Question

Two bodies A and B of equal mass are suspended from two separate massless springs of spring constant k₁ and k₂ respectively. If the bodies oscillate vertically such that their maximum velocities are equal, the ratio of the amplitude of A to that of B is

Options

• k₁/k₂

• \[\sqrt{k_1 / k_2}\]

• k₂/k₁

• _{\[\sqrt{k_2 / k_1}\]}

Answer 1

\[\sqrt{\frac{k_2}{k_1}}\]

Maximum velocity, v = Aω
where A is amplitude and ω is the angular frequency.

Further, ω =\[\sqrt{\frac{k}{m}}\]

Let A and B be the amplitudes of particles A and B respectively.
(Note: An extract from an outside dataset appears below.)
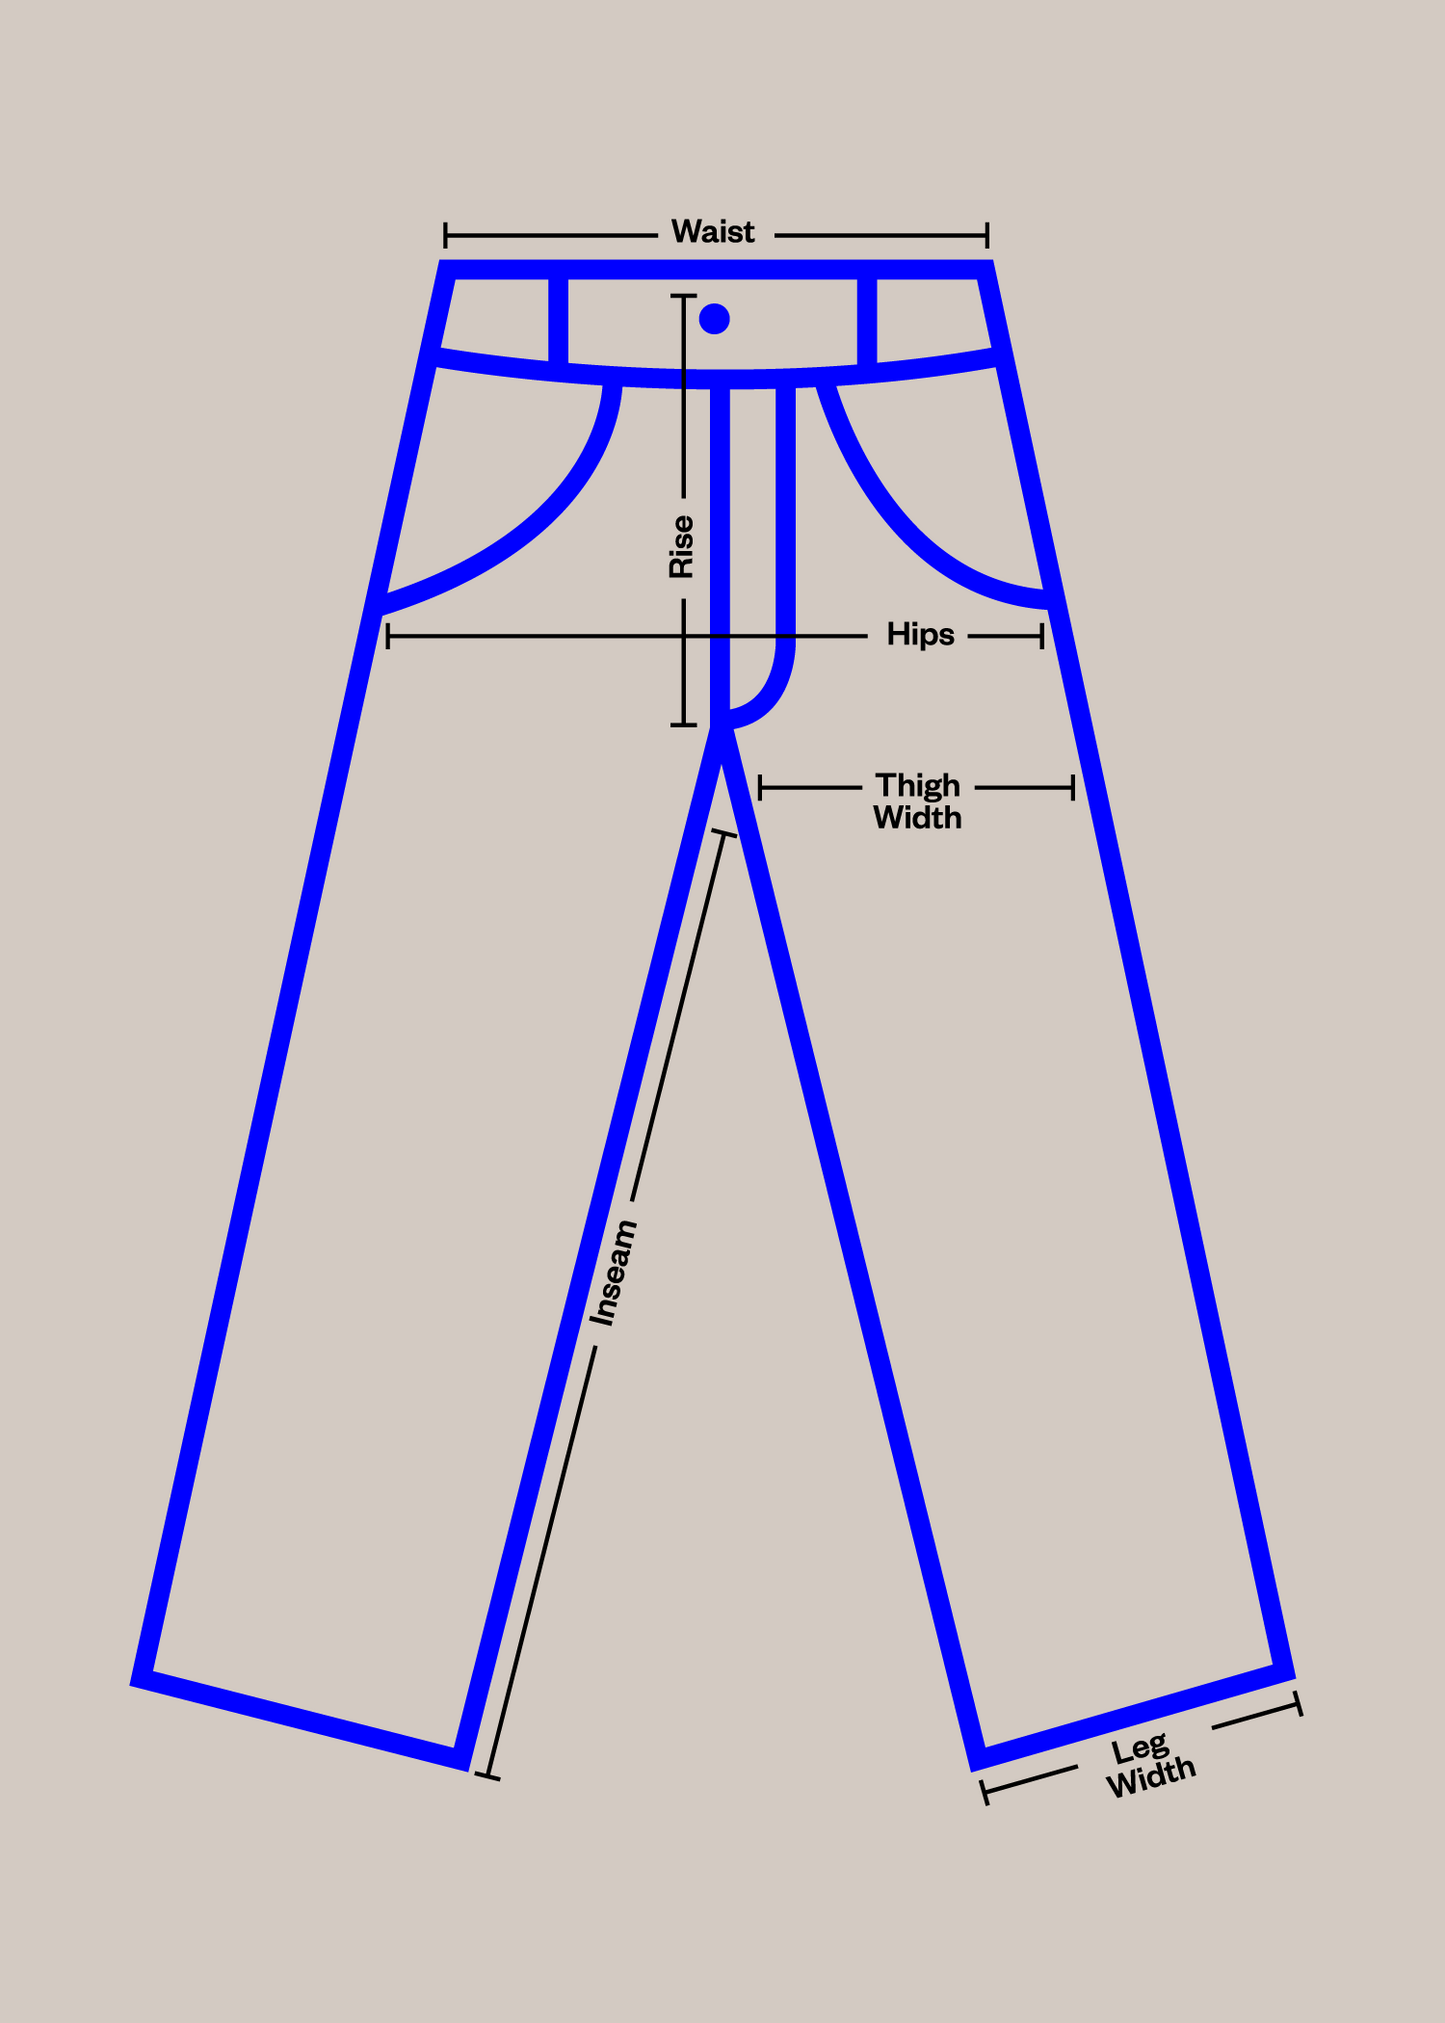 1980s Cepovett French Workwear Chore Pants Size Women's 32 Men's 34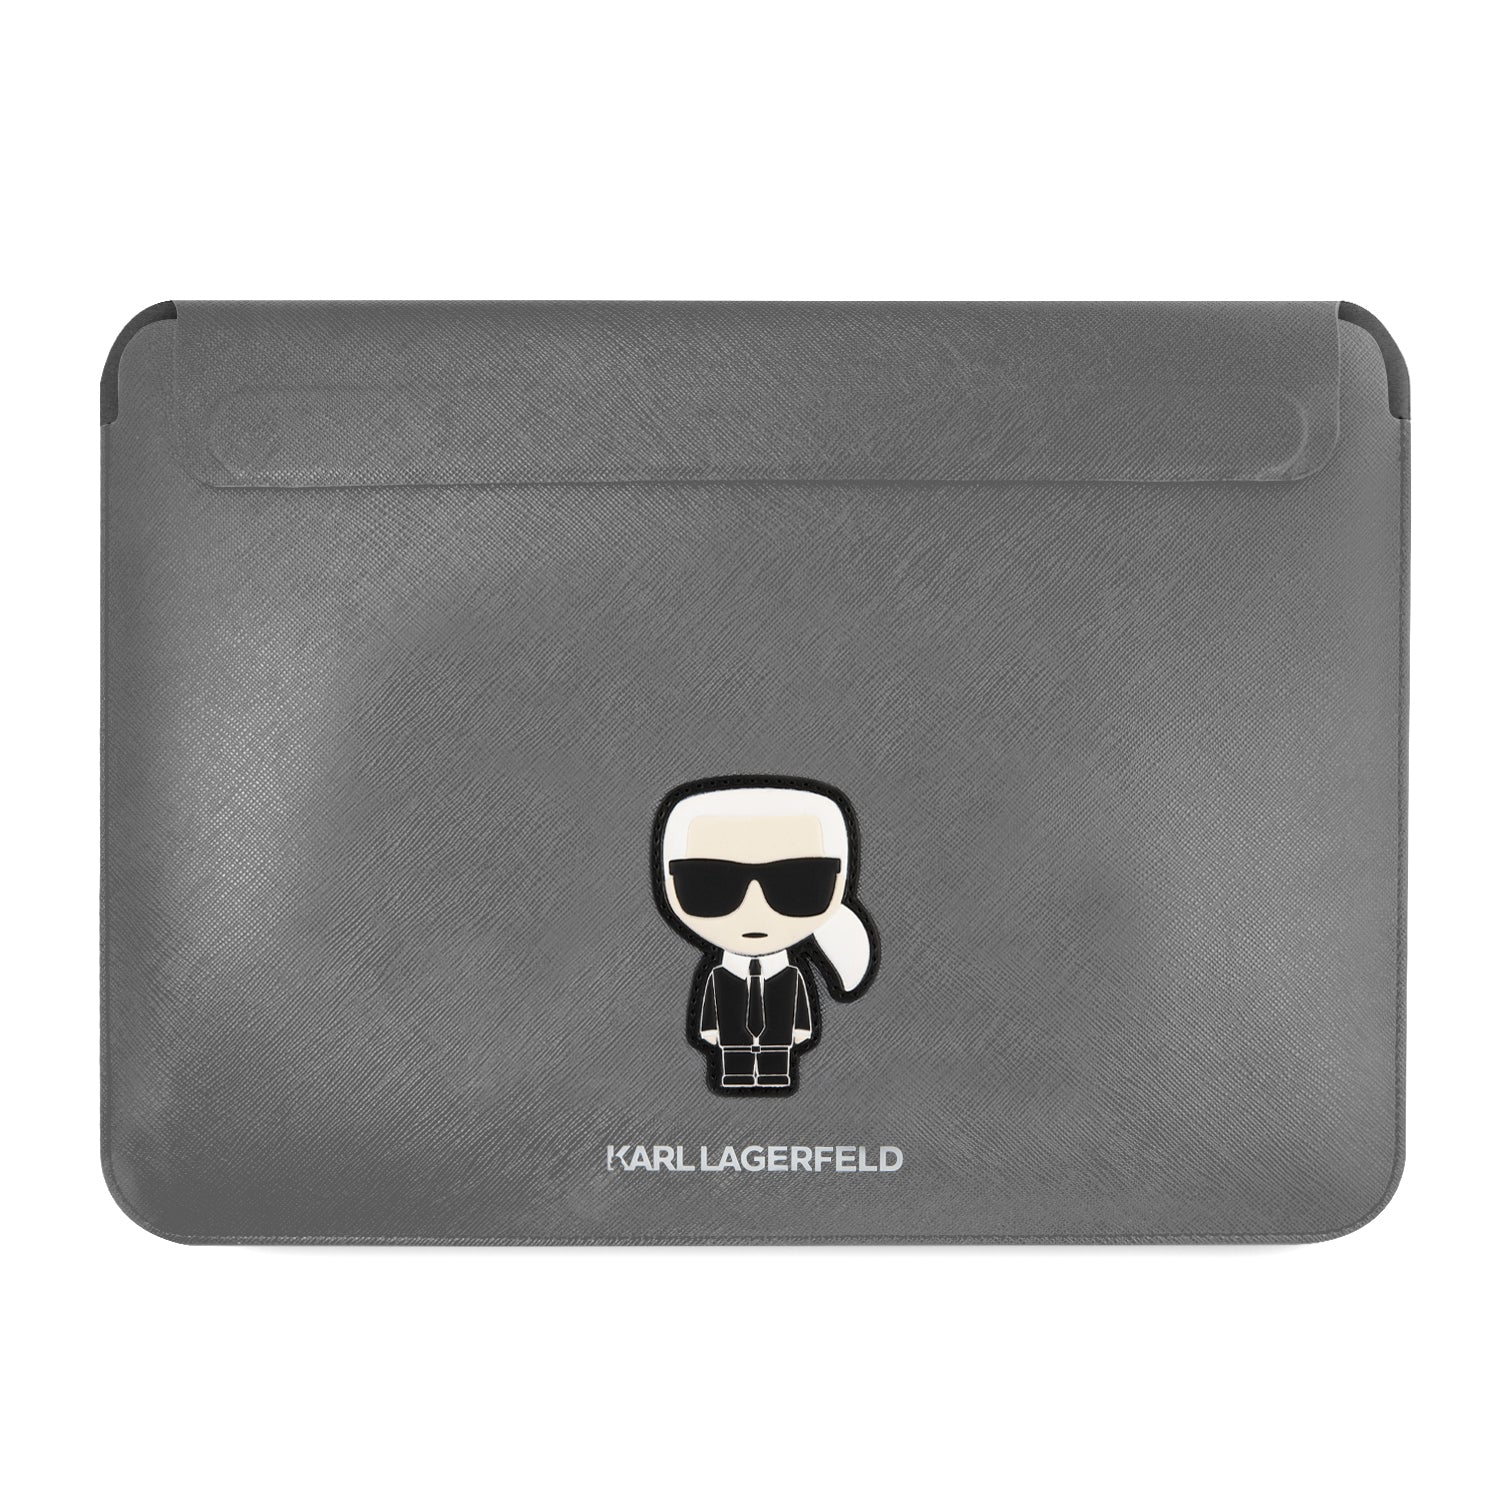 Karl Lagerfeld iconic laptop sleeve

As the maximum velocity of particles are equal,

\[i . e . v_A = v_B \]

\[\text { or }, \]

\[ A \omega_A = B \omega_B \]

\[ \Rightarrow A\sqrt{\frac{k_1}{m_A}} = B\sqrt{\frac{k_2}{m_B}}\]

\[ \Rightarrow A\sqrt{\frac{k_1}{m}} = B\sqrt{\frac{k_2}{m}} ( m_A = m_B = m)\]

\[ \Rightarrow \frac{A}{B} = \sqrt{\frac{k_2}{k_1}}\]